CBL-sinGAN, by retaining the style and texture of the original Side-scan sonar images, can generate more realistic Side-scan sonar images while simulating object distortions caused by underwater conditions, thereby improving the practicality of the images. This method is particularly effective for datasets with few samples, as it can generate images with a consistent style, addressing the limitations of traditional networks in this regard. Additionally, CBL-sinGAN considers the unique relationship between the target and its shadow during the image generation process, enhancing the realism of the images.
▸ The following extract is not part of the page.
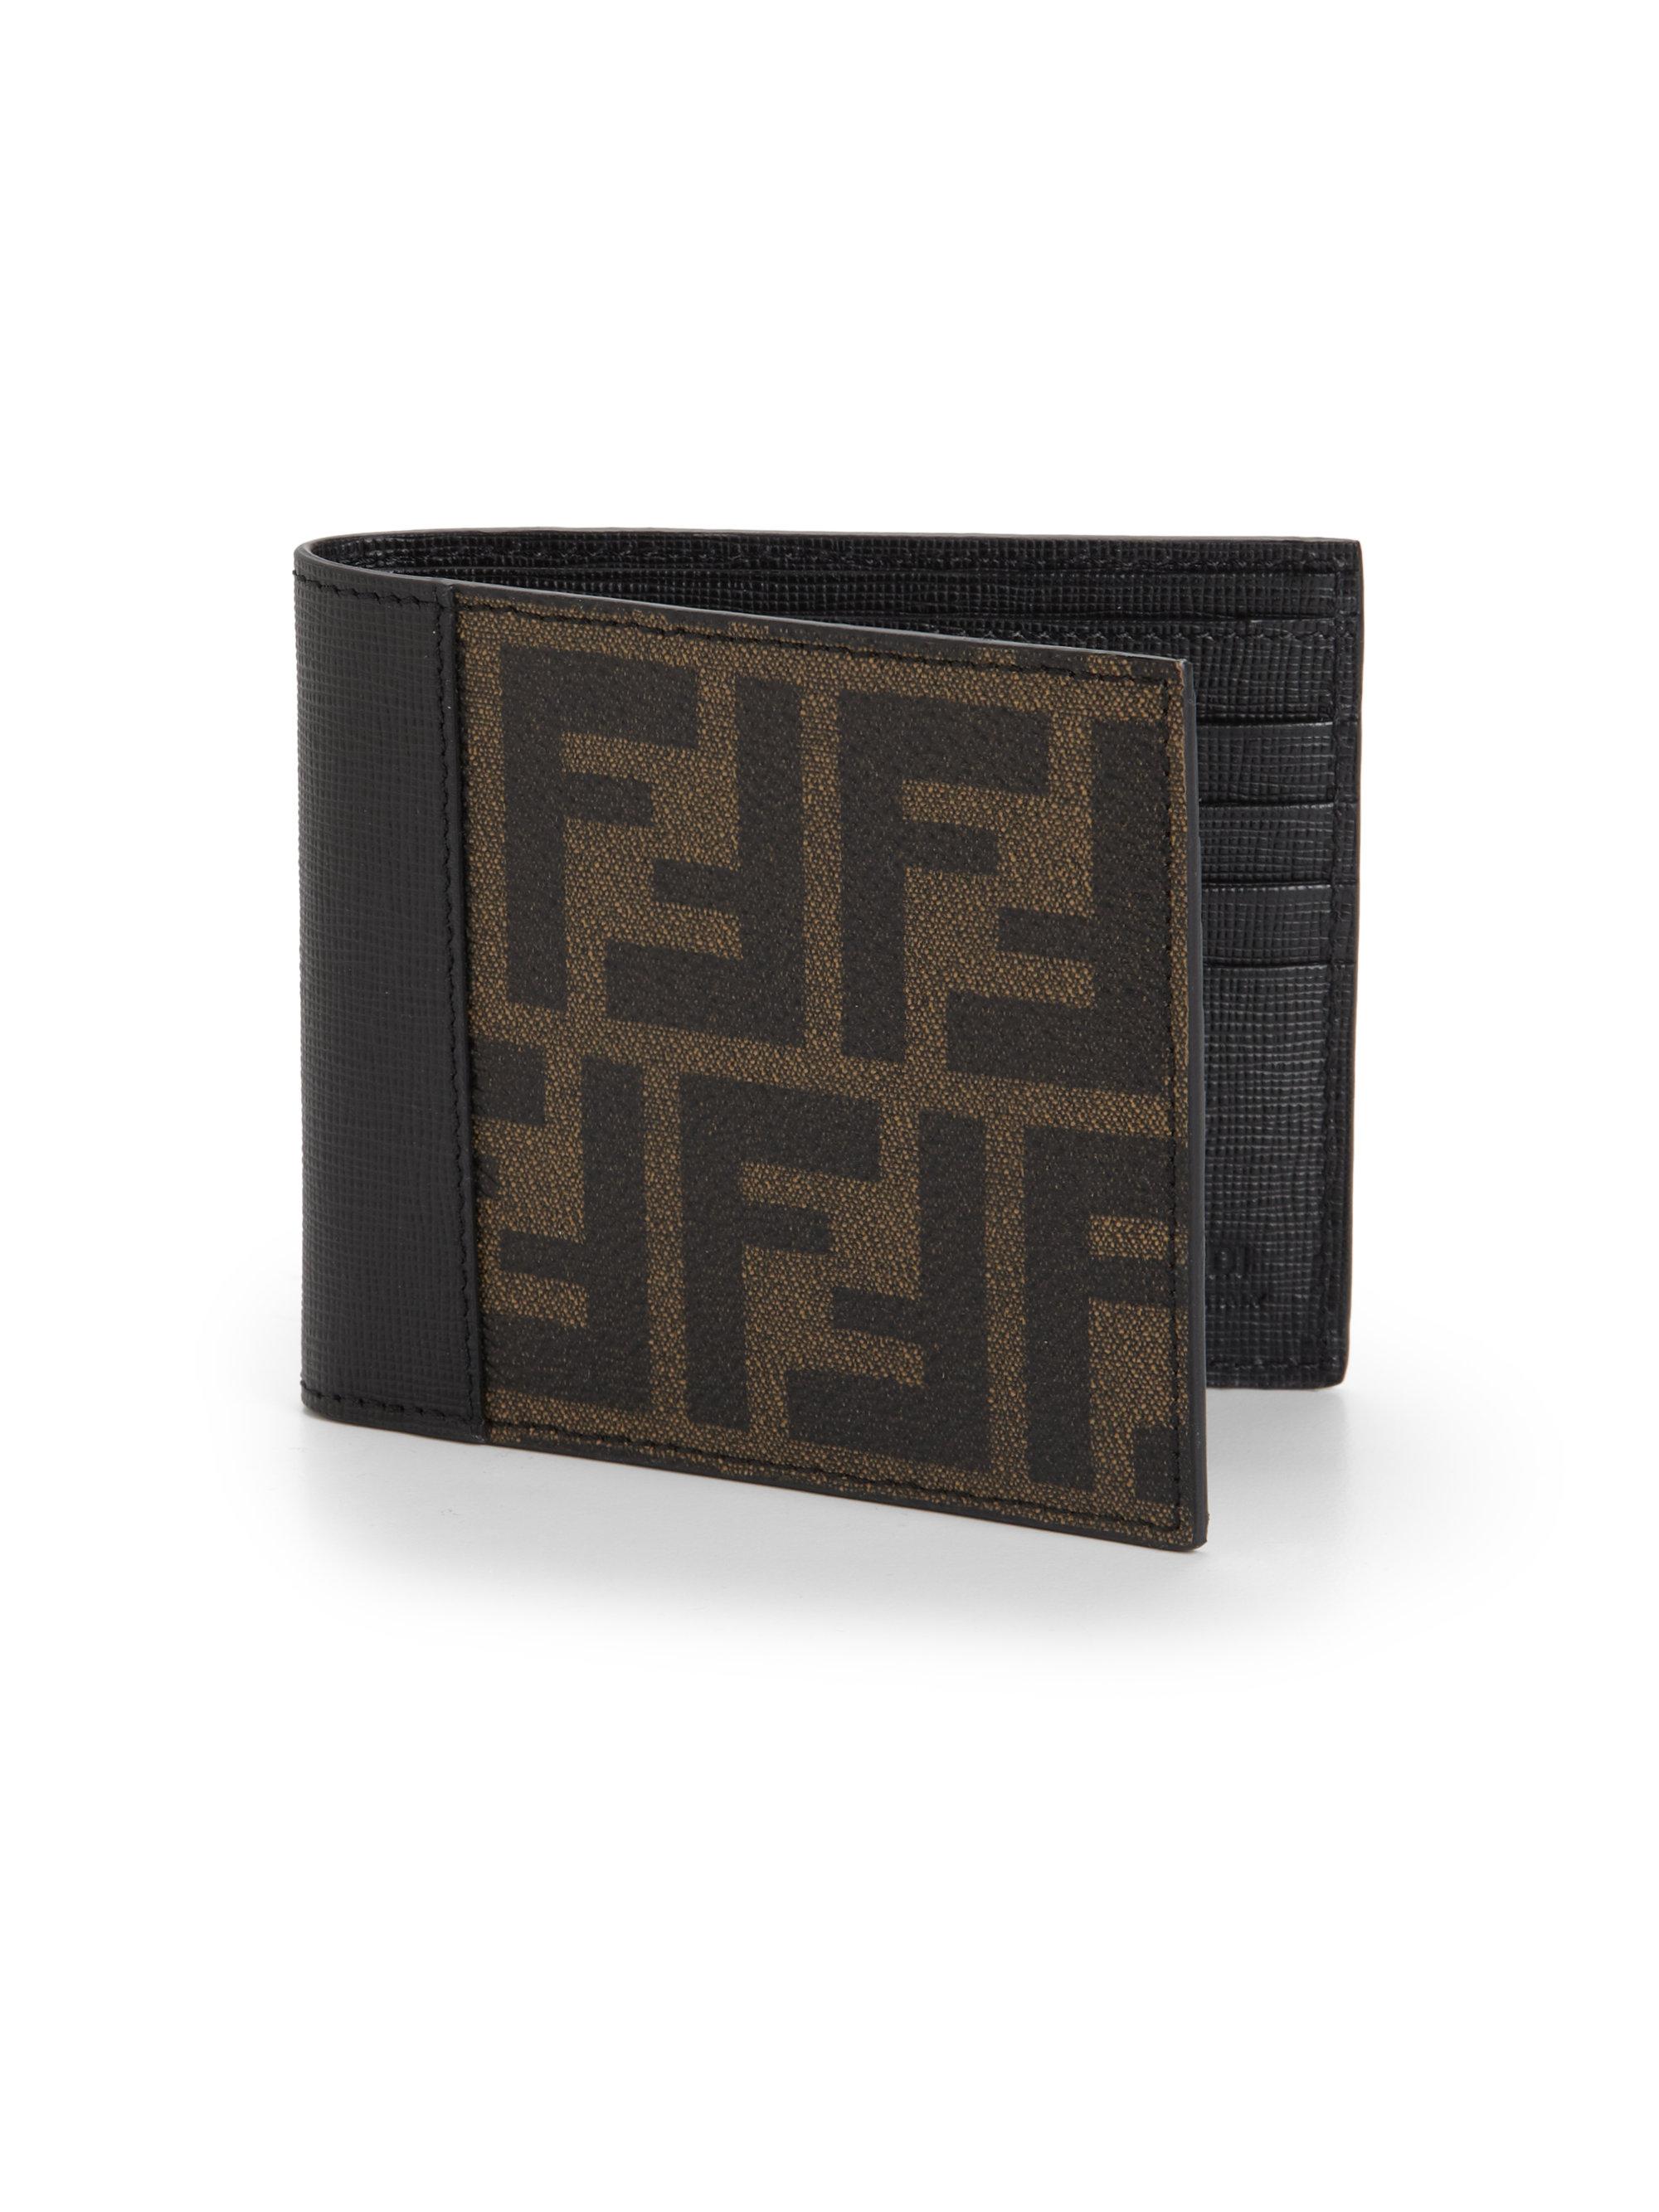 Fendi Zucca Leather Wallet In Brown For Men Lyst

In the context of international research, style transfer networks such as cycleGAN and WGAN have achieved significant results in learning image textures and styles, especially with large datasets. However, these networks do not perform well under data-limited conditions, particularly in the field of Side-scan sonar image enhancement. The emergence of CBL-sinGAN provides a unique solution to this challenge, especially when the number of samples is limited, by generating high-quality images with a strong sense of realism, marking a significant advancement in existing technology. CBL-sinGAN fills a gap in existing technology, showcasing the new potential of deep learning in the field of Side-scan sonar image processing and offering a new direction for the development of future underwater target recognition and detection models. Figure 5 and Figure 6 below display the style images generated from training with thirty Side-scan sonar images and optical domain images:

The Side-scan sonar underwater target single image sample augmentation method based on CBL-sinGAN is essentially a process of rearranging and recombining real Side-scan sonar images. It augments images by reorganizing the image background, stretching and scaling the target morphology, changing the number of targets, and altering target positions. As sinGAN is a new field for processing Side-scan sonar images, we encountered many issues during model training and made corresponding improvements.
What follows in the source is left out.